Одна из дверей открыта, и Дайел останавливается рядом, вежливо стучит костяшками о сухое дерево.
— Мак, — говорит он и замирает в привычном ожидании.
Мак отзывается не сразу. Сначала приходят в движение плечи — напрягаются и сразу расслабляются, — потом шея и иссеченная свежими ранами спина; Мак оборачивается и смотрит на него из-под капюшона. В мягком свете его глаза мерцают красным.
— Зачем ты здесь?
Голос у него низкий и сиплый, будто сорванный давным-давно — как шуршащие по склону камни, предвестники оползня. Мак не любит говорить, а Дайелу нравится его слушать; это не единственное, в чем они не сходятся.
— Пришел поговорить, — он подходит ближе, кладет ладонь на чужое плечо; Мак все еще стоит на коленях, смотрит снизу вверх с чем-то диким и голодным, прячущимся в глубине зрачков. — Помолиться.

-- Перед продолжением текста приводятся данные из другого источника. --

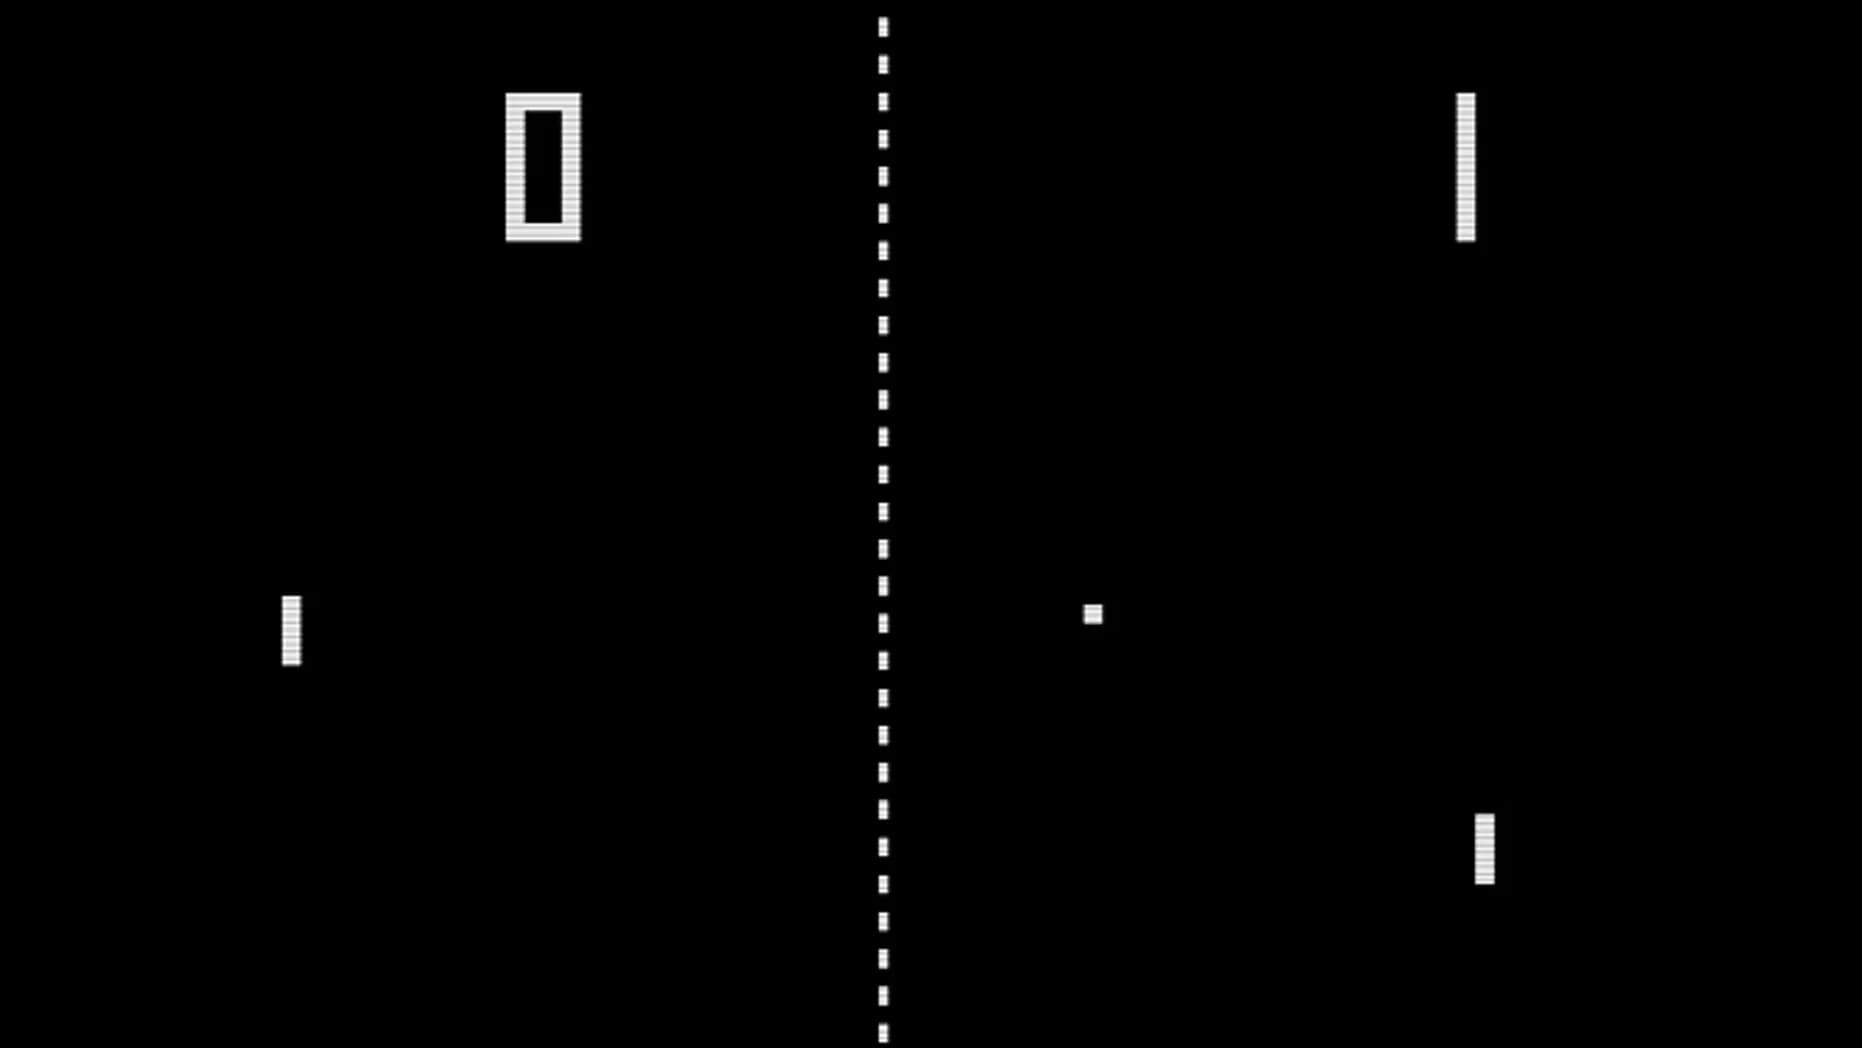 A screengrab of the video game pong

— Соседняя келья свободна, — отвечает Мак, не отводя взгляда. У него серые глаза, напоминает себе Дайел, серые; отблески — это только игра света и их общий голод.
Дайел качает головой:
— Я хочу молиться здесь.
И опускается на колени.
У Мака острые треугольные зубы, и он кусается во время поцелуев; в отместку Дайел вгрызается в его губу и слизывает кровь, стараясь не стонать слишком громко. Еще у Мака мозолистые руки, и он знает, как обращаться с оружием — Дайел, впрочем, тоже. Ничего нового. Ничего необычного.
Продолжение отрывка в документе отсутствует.